Of course, for the previous generation of traders, the rise of the PC and internet and exchange APIs meant that much of this "mechanistic" work could be automated. Most of the technical and methodical signals can be algorithmically determined and acted upon. The trader is merely the strategist and commander who decides when which algorithm (trading method) should be applied.
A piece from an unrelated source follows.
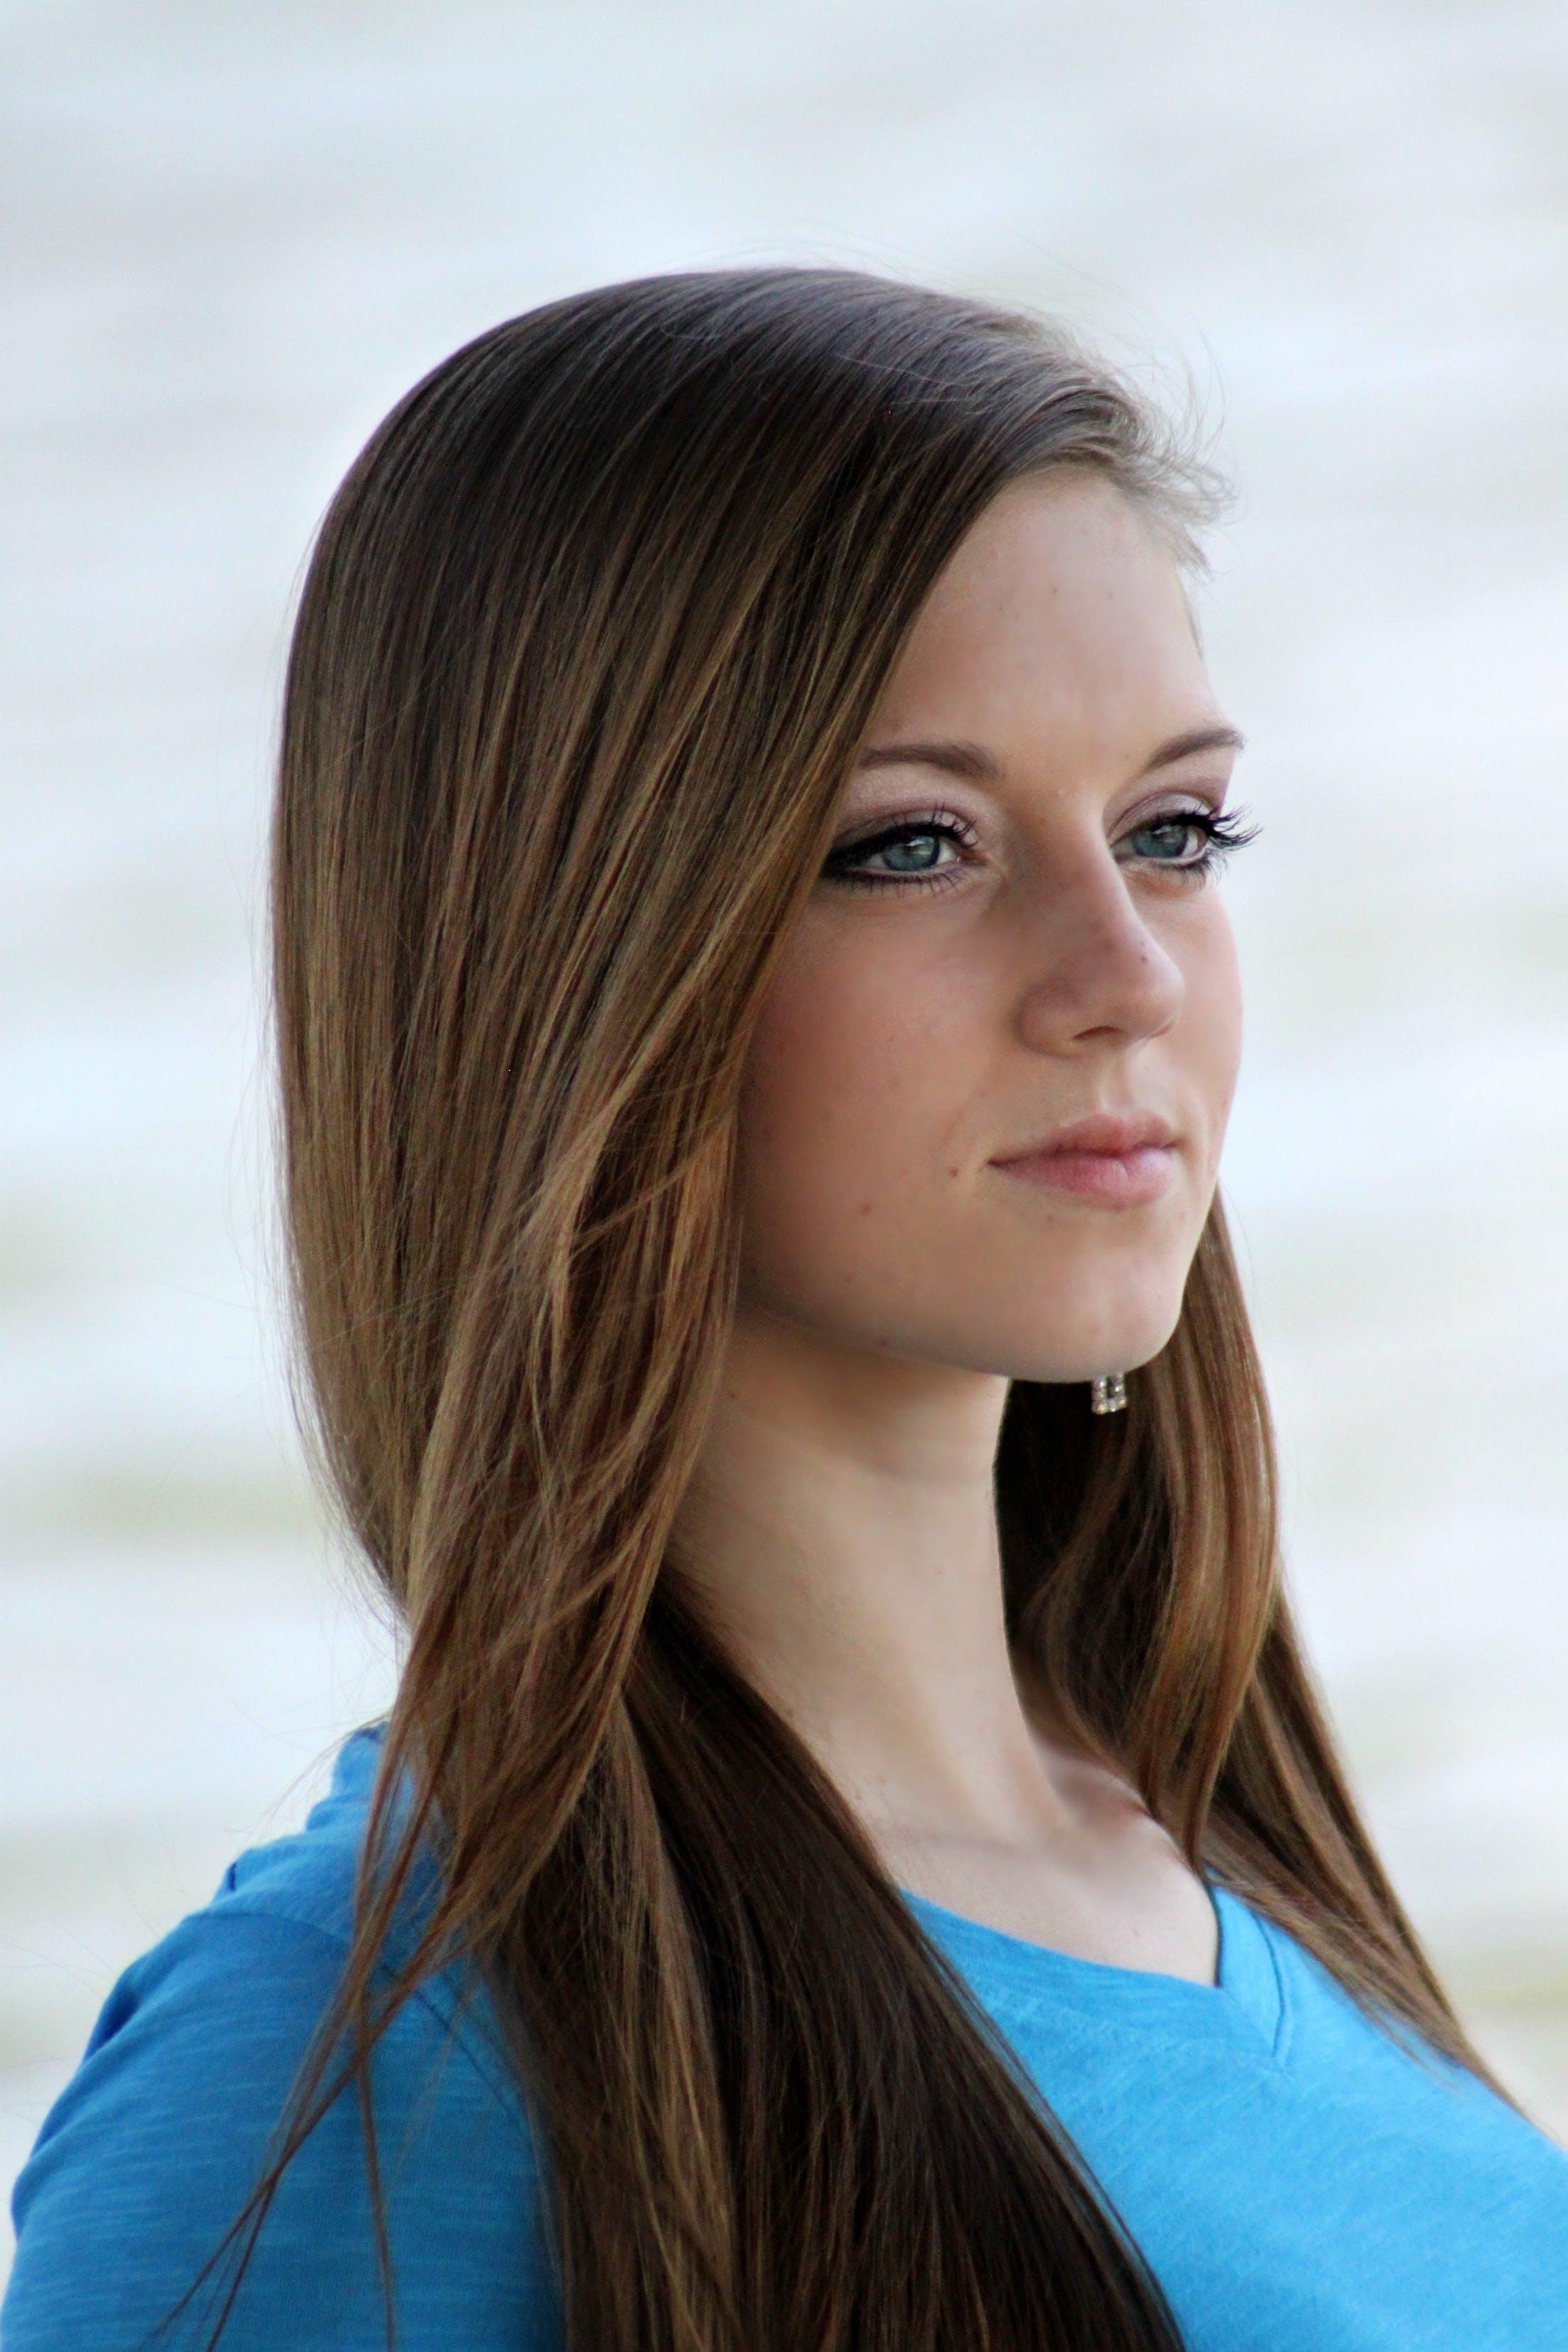 https://images.pexels.com/photos/53000/girl-beautiful-young-face-53000.jpeg?auto=compress&cs=tinysrgb&dpr=2&h=650&w=940

Whether we've achieved "AI" is debatable. The trader automates his boring and mechanistic method - that's closer to the truth. Also, does the term "high volume" imply "high frequency"? This is only possible within a few kilometers radius of the exchange being traders because true HFT operates in the nanosecond timeframe. In saying all that and with regards to the question "whether these algorithms are designed to make the market function better or benefit only a select few (namely the developers)" - One belief is that markets are driven by a subconscious collective consciousness that sometimes wants to rally; sometimes wants to crash and burn, and 60% of the time wastes time deciding what to do. So algorithmic trade merely reflects the predominant mood of the moment - the fact is that it is humans who are telling machines whether to be aggressive (optimistic positive mood) or cautious (conservative negative mood) in the market.
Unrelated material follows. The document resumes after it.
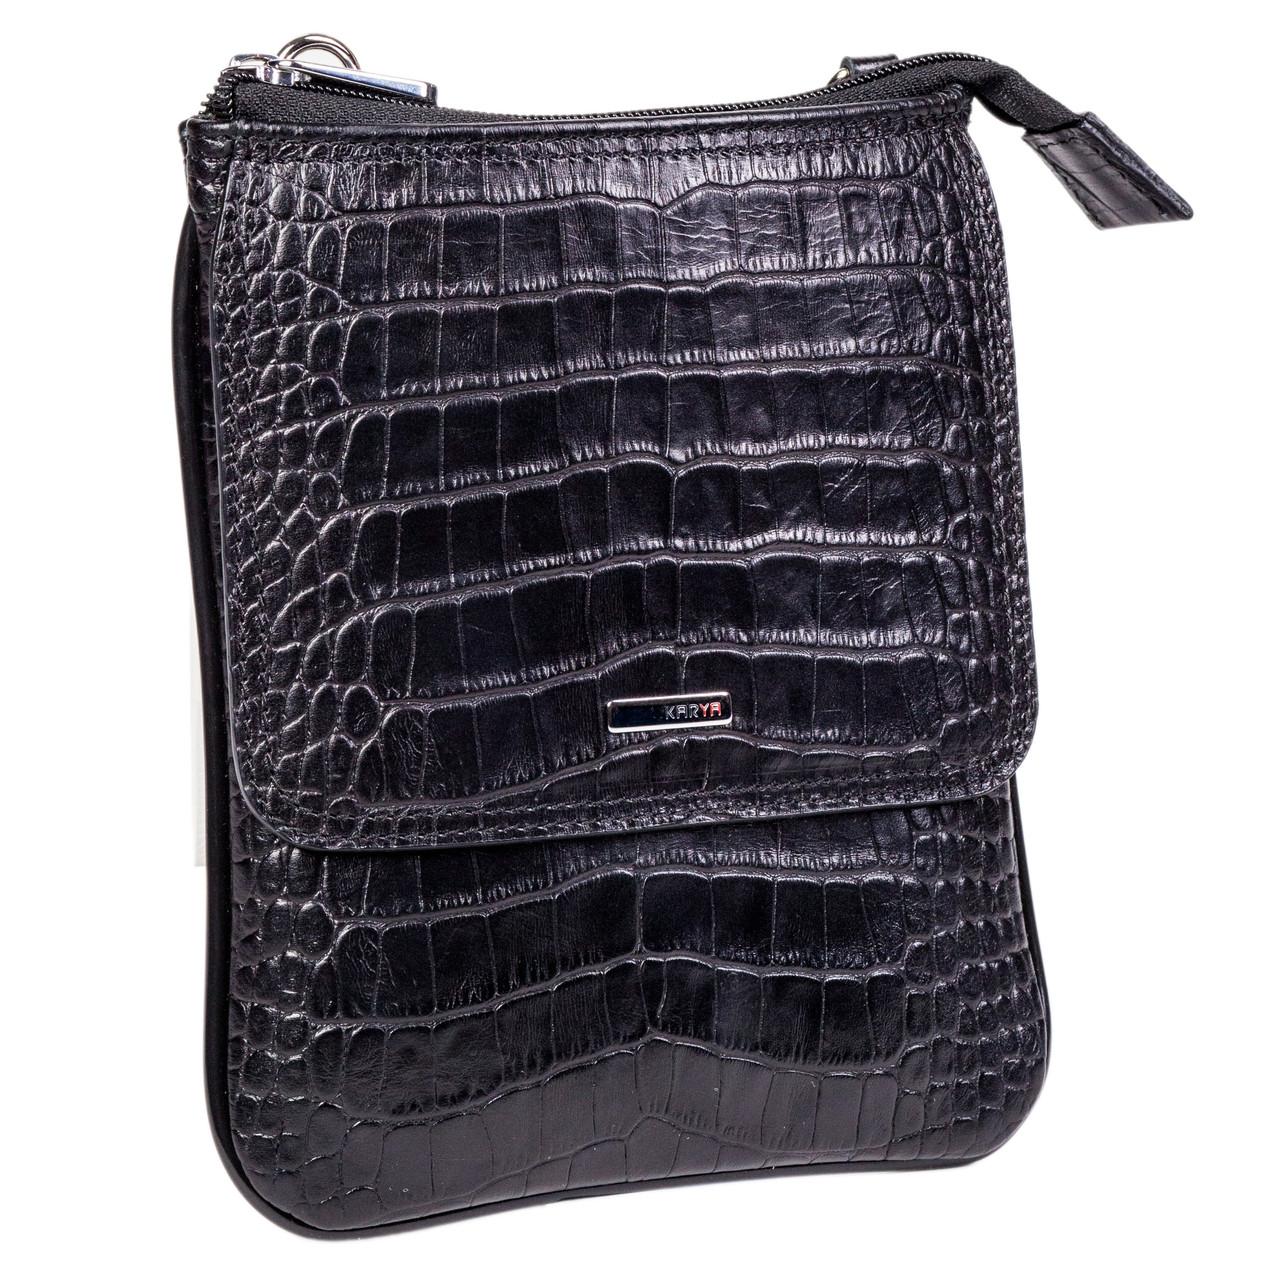 Мужская сумка Karya 0630-53 для документов кожаная черная

Algorithmic trading can handle high-volume trade and offsetting human biases that may negatively impact traders and financial markets as a whole. It may seem that there are human biases that "negatively impact" traders and markets but in another way of looking this is simply natural behavior: there is always a bigger fish in the deep. What the retail investors (small fish) are enjoying together now soon becomes a feeding frenzy for larger predator fish. And sometimes the small fish (or medium-sized tuna) are unaware that they are being "herded" by bubble curtains and rumors emanating from the deep. Other times, even the apex predators fall into a trap of their own making. Markets and human psychology are highly complex. They are both tragic and comedic at the same time.

The trader’s job is to take advantage of the moments of the highest probability of a profitable outcome. But that does not circumvent human folly when either the retail collective or one single whale does something that is doomed to fail.
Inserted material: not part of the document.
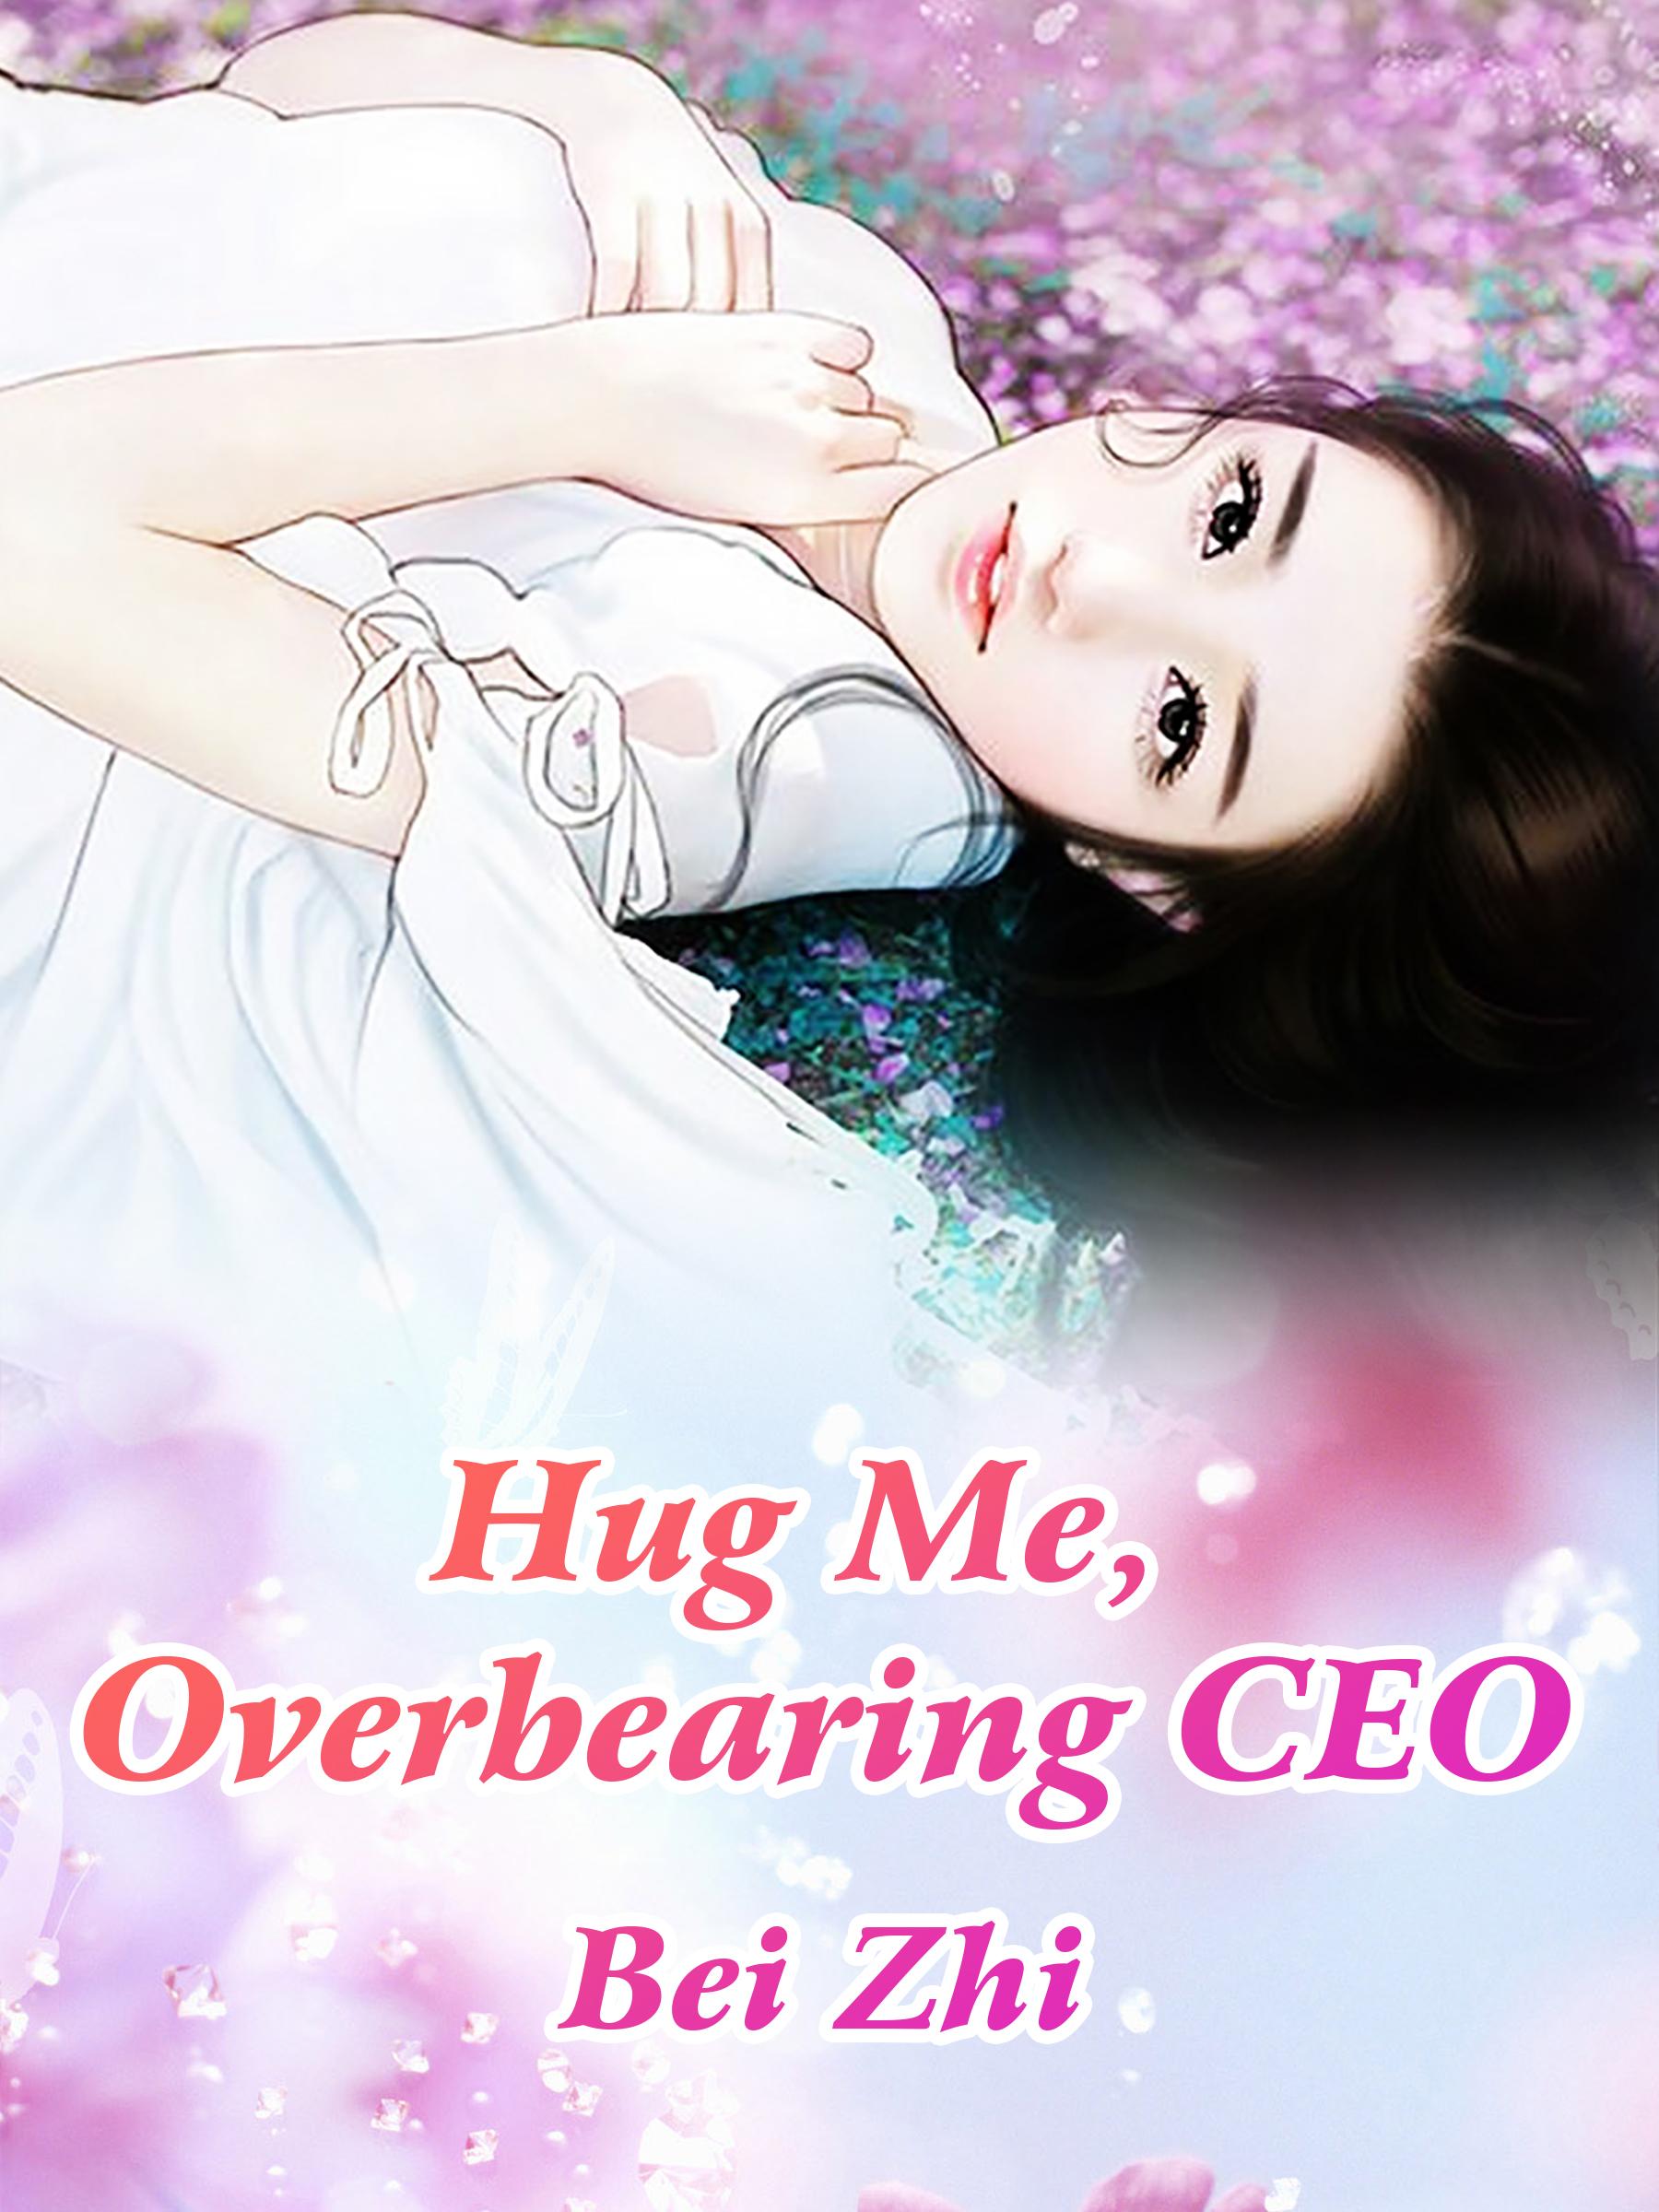 Hug Me, Overbearing CEO Novel Chapter 36 To 40 PDF

In General, bots can help this process by analyzing more setups, taking more decisions, and managing more positions comparing to humans. But this does not mean that the taken decisions have a higher EV than the ones taken by a human with the same conditions and data.

Ethically it remains to be discussed whether there could be reasons for concern: brokers, markets, exchanges all provide public APIs, thus enables everybody to develop automatic tools and platforms, the ones who do it spend and risk money and time for that purpose, then they have an advantage. Today this advantage is just in terms of quantity and not of the quality of decisions against humans. AI is not yet good enough to beat humans in trading, because trading is far more complicated than other fields where this happened (see chess, backgammon, AlphaGo, Texas Holdem). Whenever AI will beat humans in trading, trading existence itself could be at risk and the first AI agent be able to do such a thing will be the undefeated king of all markets and this will break the meaning of the markets itself.

Thus, algorithmic trading is useful for performing mundane tasks. But these mundane tasks require a lot of computing power and high availability - hence the need for a platform like MachinaTrader. As for a silver bullet in the market, it probably does not exists yet, although most people out there do believe this - and this is why they will come.